Studio album by Ivan Lins
- Released: 2004
- Genre: Musica Popular Brasileira
- Label: EMI
- Director: Andre Schultz
- Producer: Moogie Canazio

Ivan Lins chronology
| I Love Mpb - Amor (2004) | Cantando Histórias (2004) | Acariocando (2006) |

= Cantando Histórias =

Cantando Histórias is a Latin Grammy winning album by Ivan Lins.

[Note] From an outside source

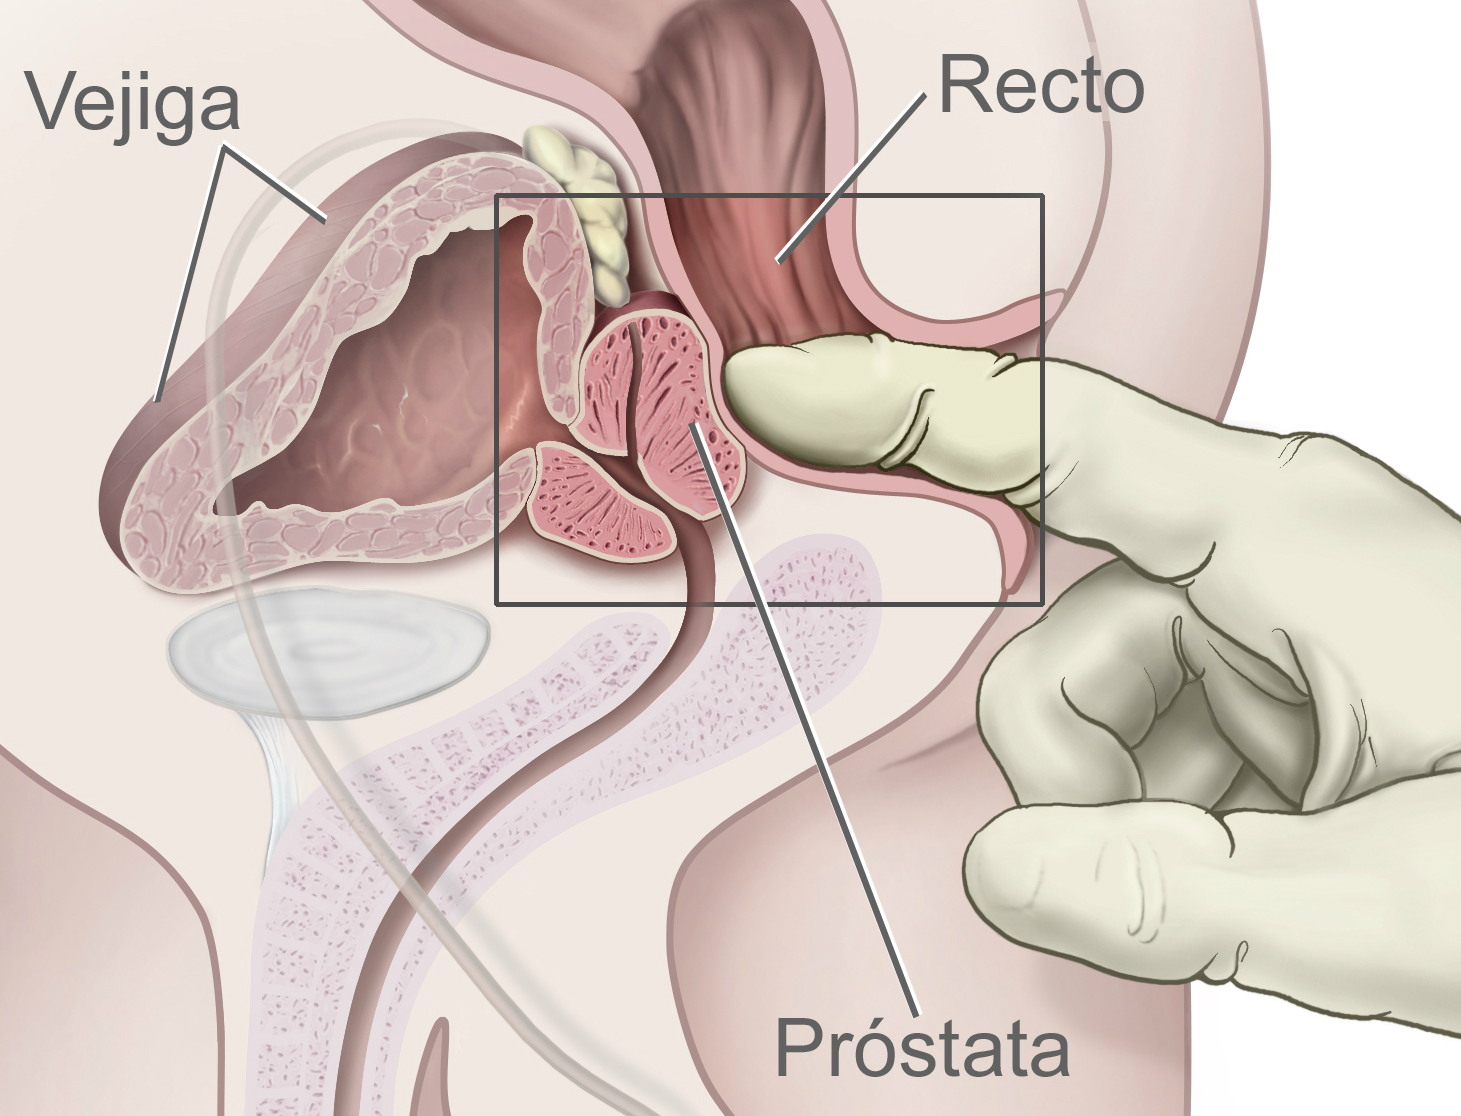 Indicadores de próstata en análisis de sangre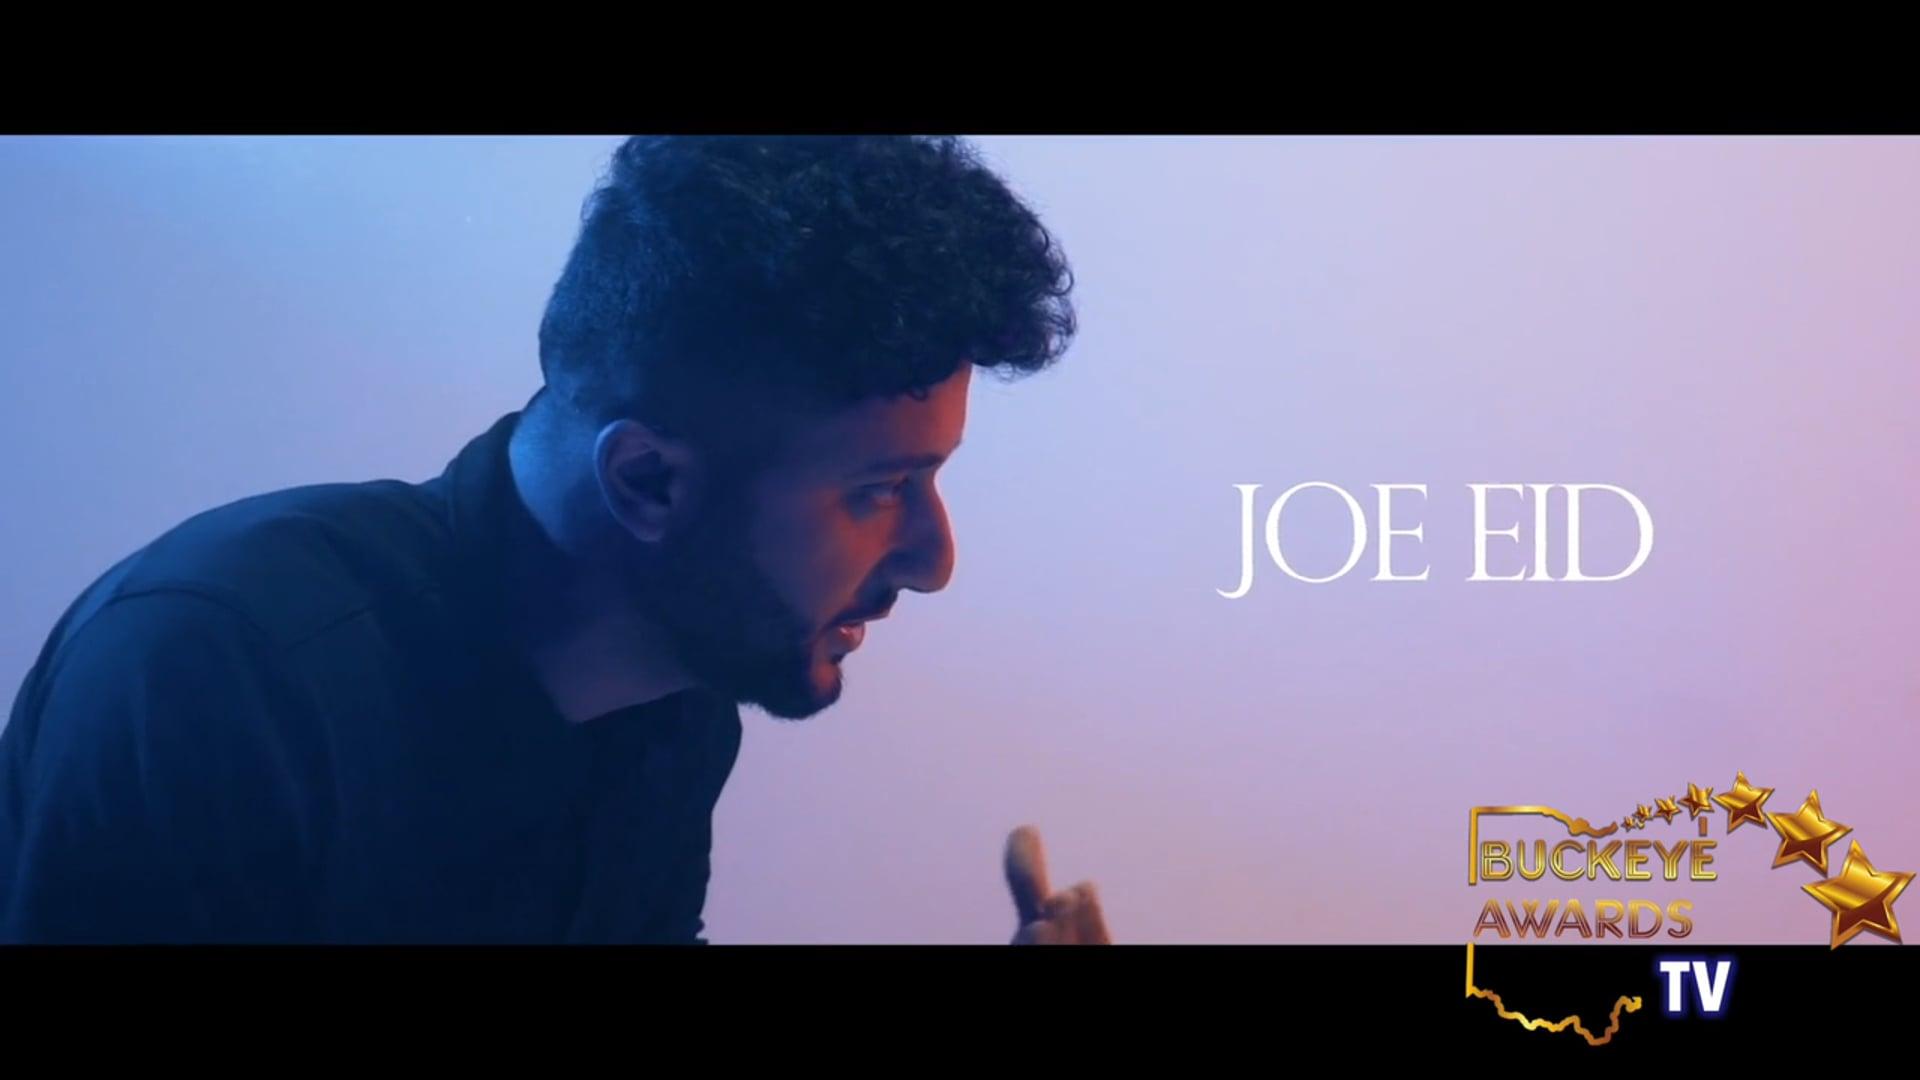 Buckeye Awards TV - interview with Joe Eid

It is the first and only Brazilian and Portuguese language album to win the Latin Grammy for Album of the Year to date.

==Track listing==

1. Abre Alas
2. Guarde Nos Olhos
3. Dinorah, Dinorah
4. O Tempo Me Guardou Você
5. Desesperar, Jamais
6. Aos Nossos Filhos/Cartomante
7. Bilhete
8. Porta Entreaberta
9. Vitoriosa
10. Viesta/Iluminados
11. Ai, Ai, Ai, Ai, Ai
12. Começar de Novo
13. O Amor É O Meu País
14. Madalena

==Awards==
===Latin Grammy Awards===

The album won the following awards at the 2005 Latin Grammy Awards:

- Album of the Year
- Best MPB (Musica Popular Brasileira) Album

== Certification ==

| Region | Certification | Certified units/sales |
| Brazil (Pro-Música Brasil) for the DVD | Gold | 25,000^{*} |
^{*} Sales figures based on certification alone.